SÃO PAULO, SP - O Brasil tem uma média nacional de 94,72 pediatras para cada 100 mil habitantes de até 19 anos, mas a distribuição desses profissionais é desigual entre as regiões. Estados do Sul e Sudeste, como Rio Grande do Sul e São Paulo, e também o Distrito Federal, no Centro-Oeste, apresentam pelo menos cinco vezes mais pediatras por criança e adolescente do que estados do Norte e Nordeste, como Amapá, Amazonas, Acre, Pará e Maranhão, que são os cinco com menor cobertura. O Brasil comemora neste domingo (27) o Dia do Pediatra.
O Distrito Federal lidera com a maior proporção, registrando 258,35 pediatras para cada 100 mil habitantes de até 19 anos, considerando a população jovem estimada em 54,5 milhões. Em seguida, vêm Rio de Janeiro (147,85), Espírito Santo (140,15), São Paulo (136,08) e Rio Grande do Sul (126,03).
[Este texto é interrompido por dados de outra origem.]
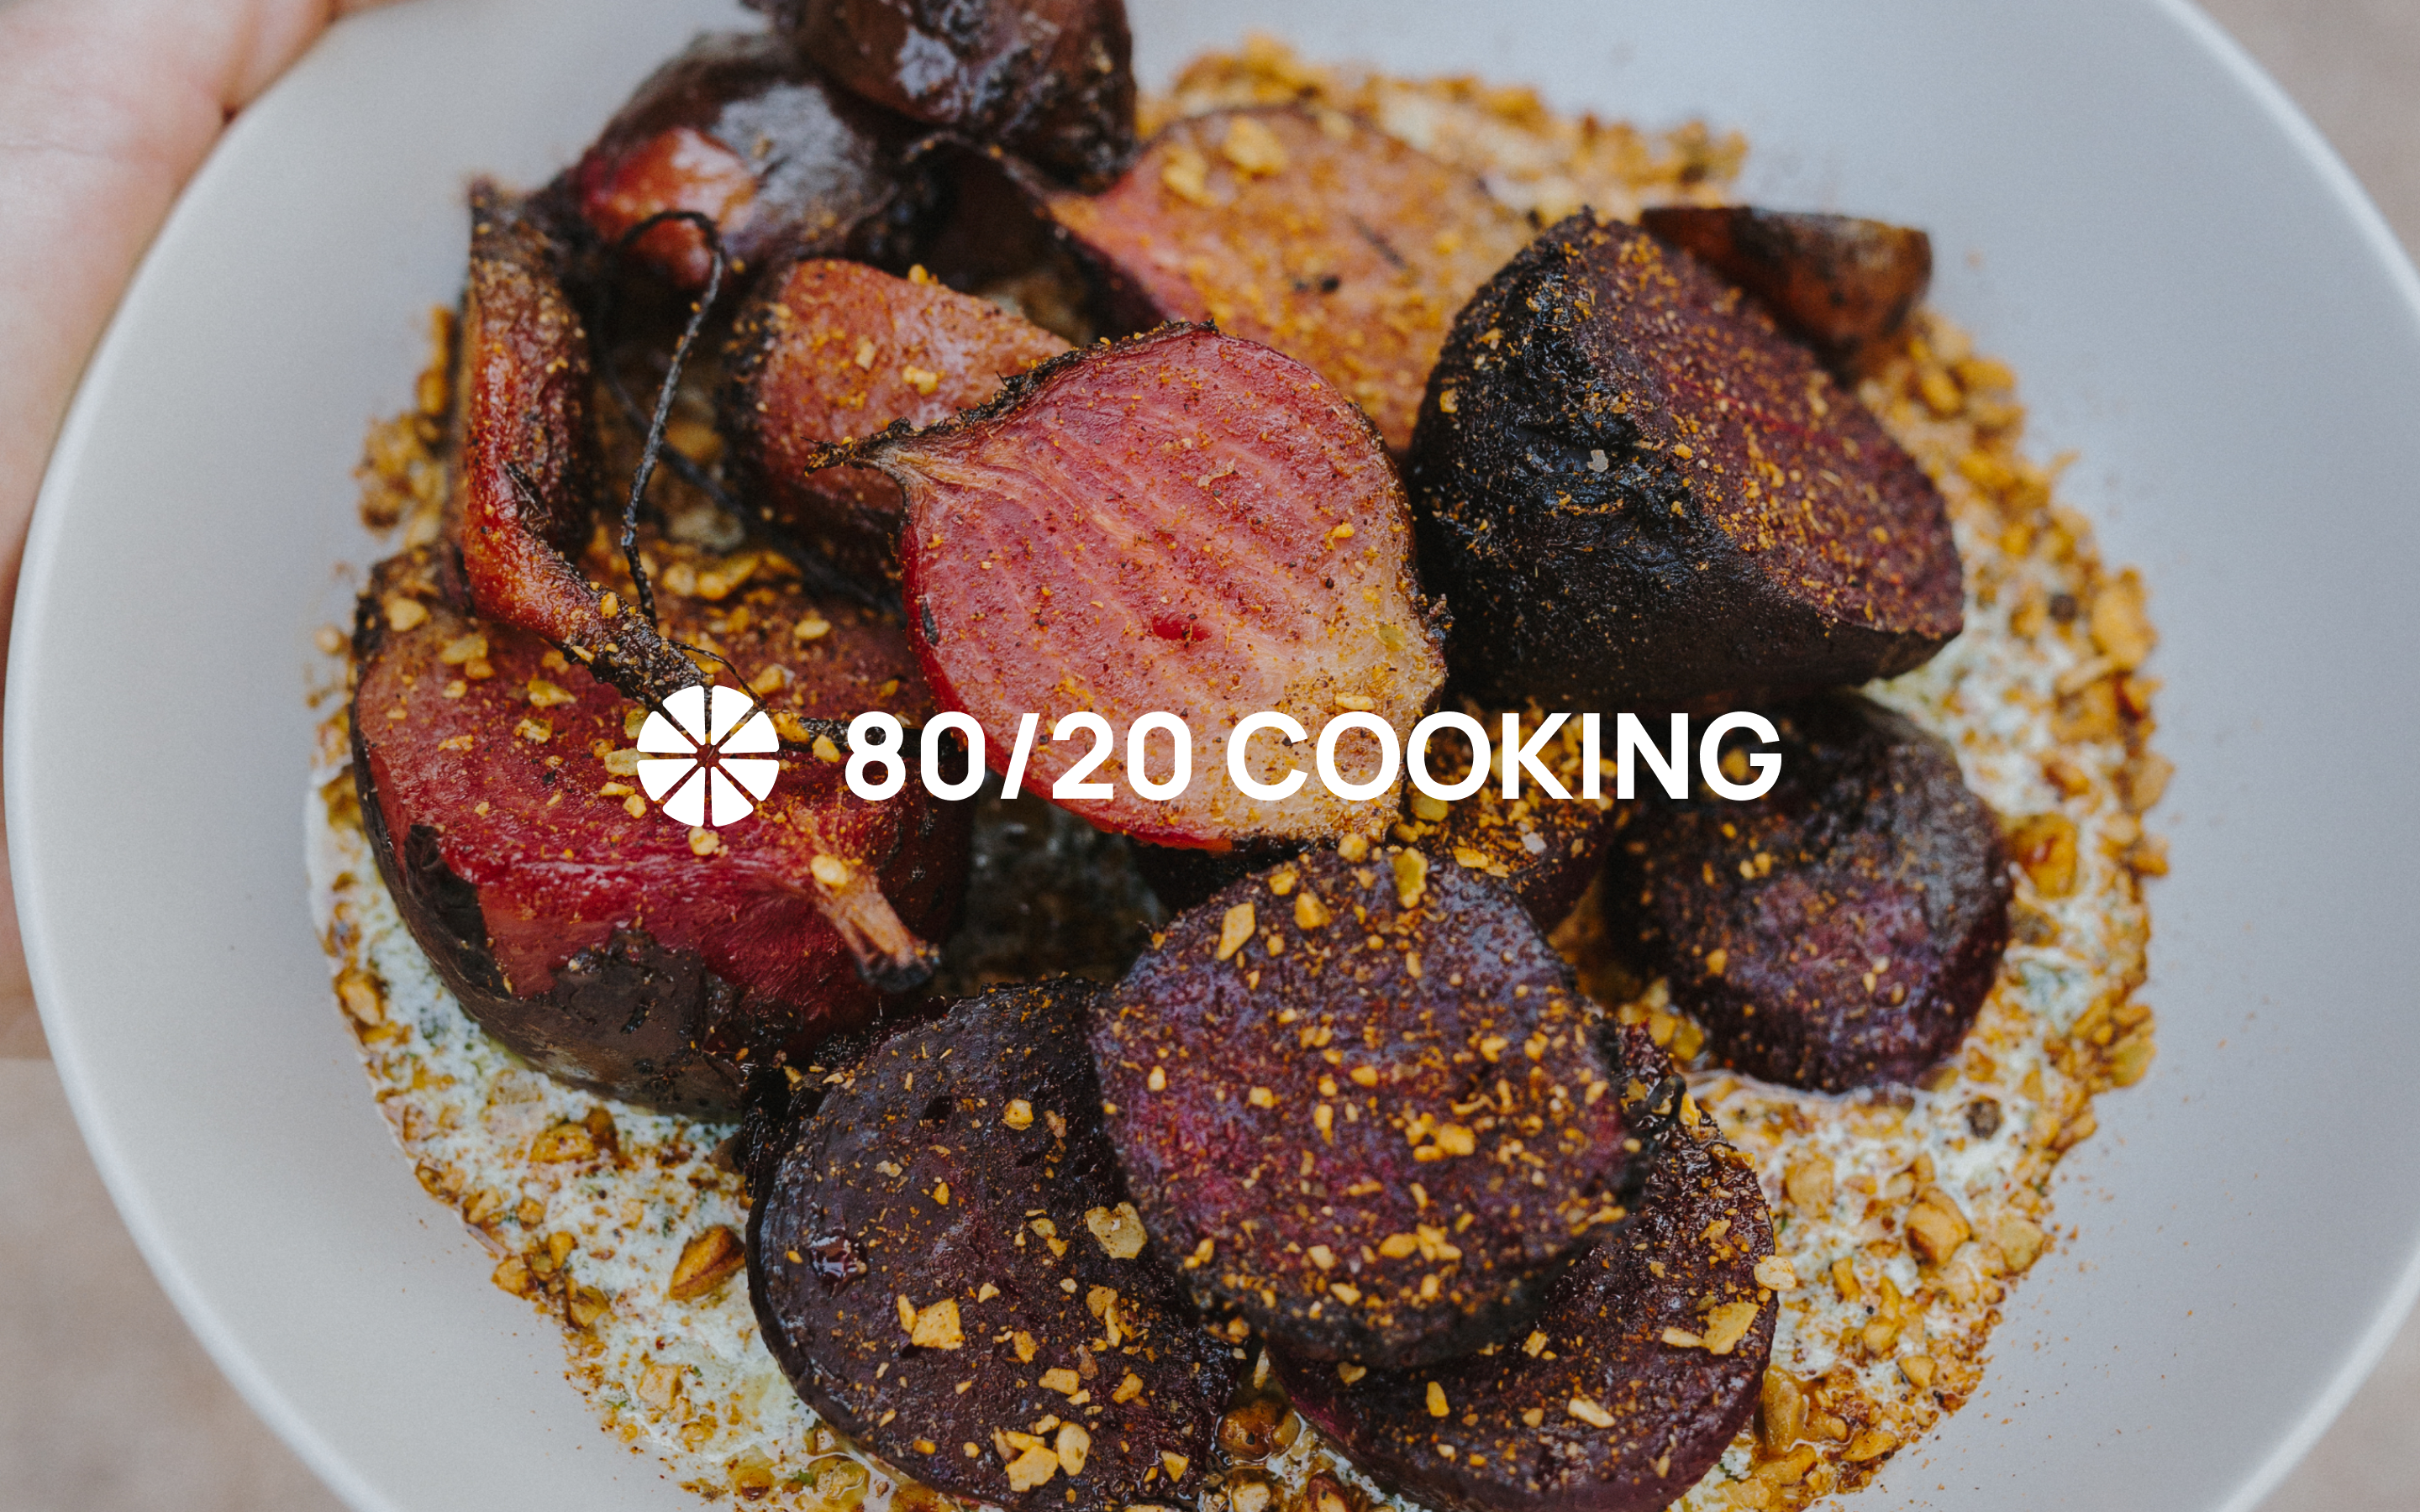 The 80/20 Cooking logo over a beautifully prepared plate of beets.

Já o Maranhão tem a menor oferta, com apenas 27,98 pediatras para cada 100 mil crianças e adolescentes, seguido por Pará (28,74), Acre (33,35), Amazonas (37,48) e Amapá (38).
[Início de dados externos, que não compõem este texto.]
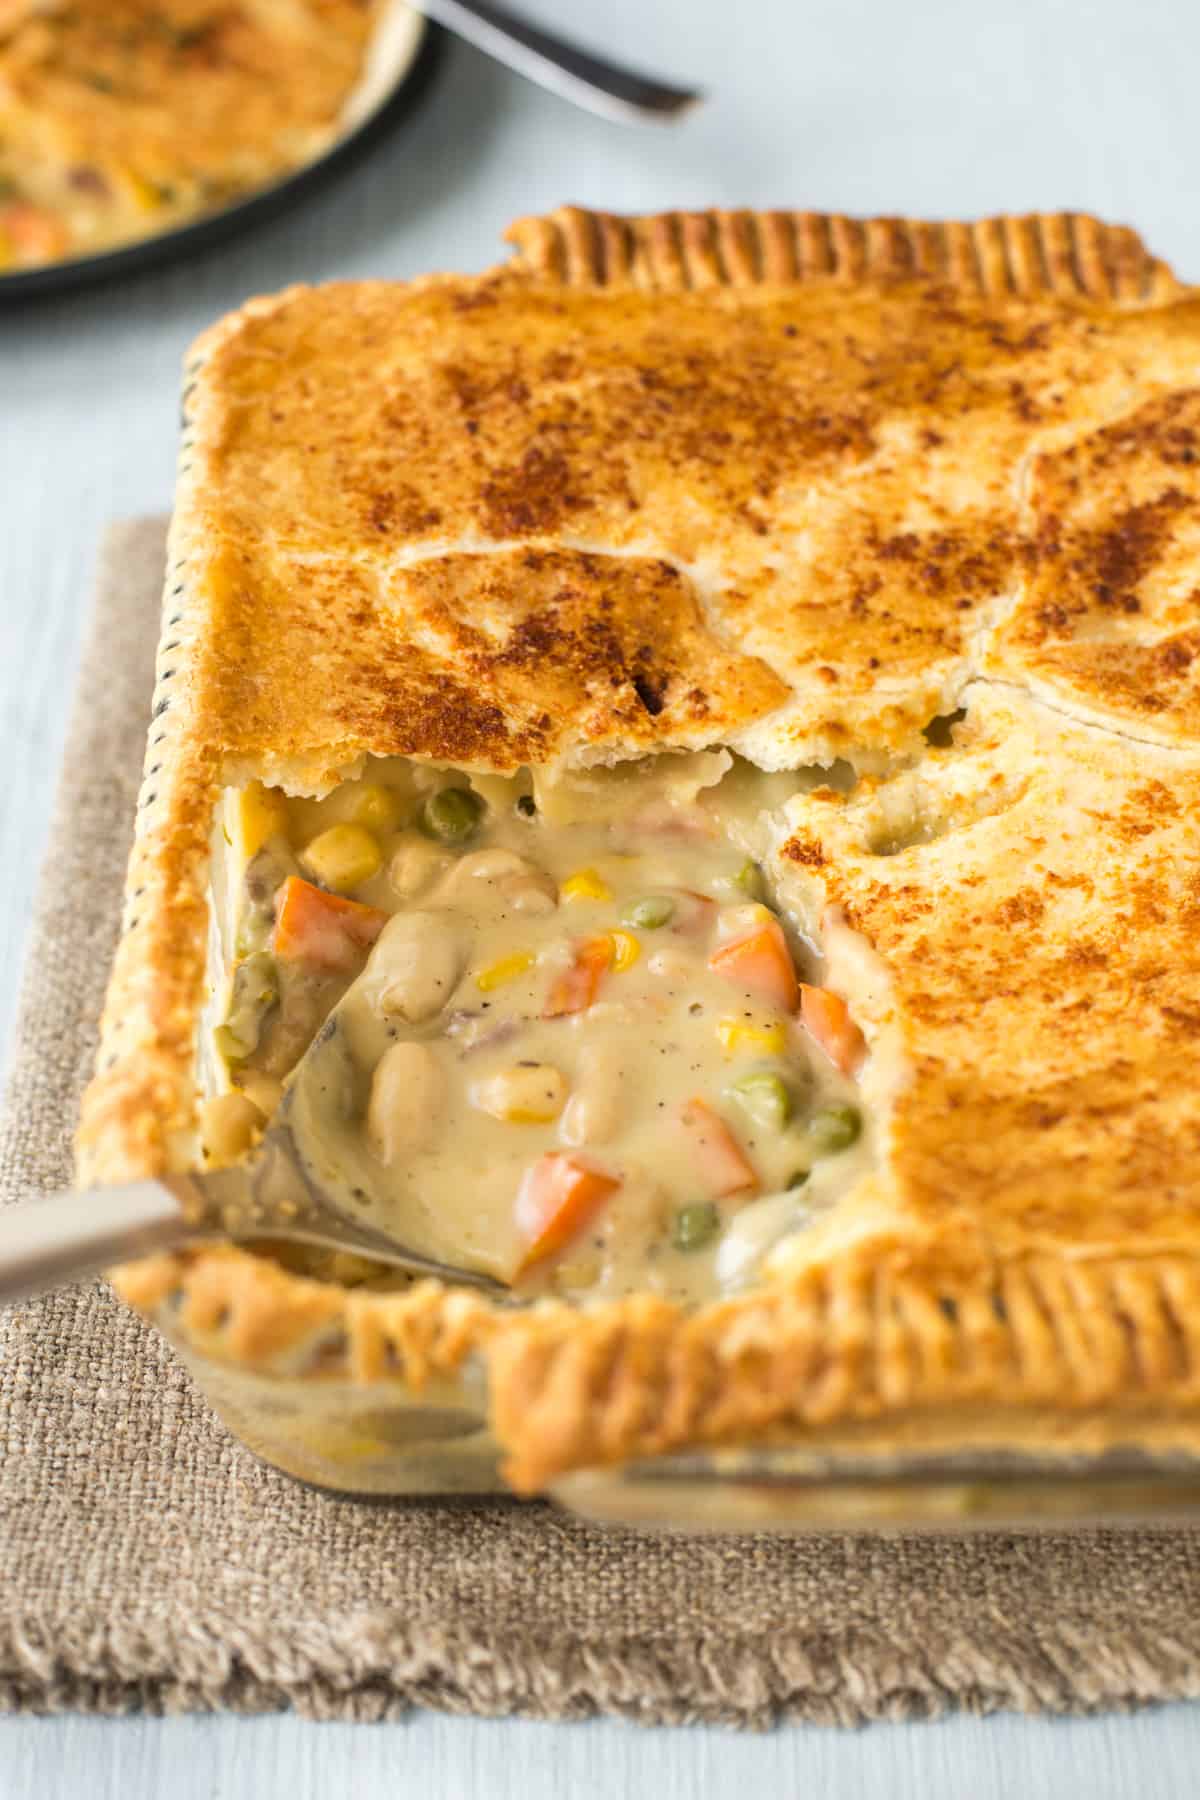 A puff pastry topped pie with cheesy vegetables showing underneath.

Os dados são do estudo Demografia Médica no Brasil 2025, divulgado em abril pela Faculdade de Medicina da USP (Universidade de São Paulo), que mostra que o país contava com 47.787 pediatras ativos em 2024. Apesar disso, o total de registros na especialidade chega a 51.628, pois cerca de 3.841 médicos (8% do total) possuem mais de um registro em diferentes CRMs (Conselhos Regionais de Medicina) ou unidades da Federação.
Paraná e Londrina
Em 2022, dados da SBP (Sociedade Brasileira de Pediatria) davam conta de que o Paraná contava com 2.500 médicos desta área. Uma pesquisa no site do CRM-PR (Conselho Regional de Medicina-Paraná) apontou que a representação regional de Londrina do órgão, que atende 8 municípios, tem 293 pediatras. Londrina tem a maior parte dos profissionais (265), seguido por Cambé (15), Assaí (6), Andirá (3). Florestópolis, Porecatu, Ribeirão do Pinhal e Tamarana possuem um especialista cada um, segundo dados do CRM-PR. Ainda segundo o Conselho, do total de 265 pediatras em Londrina, 194 são mulheres e 71 são homens.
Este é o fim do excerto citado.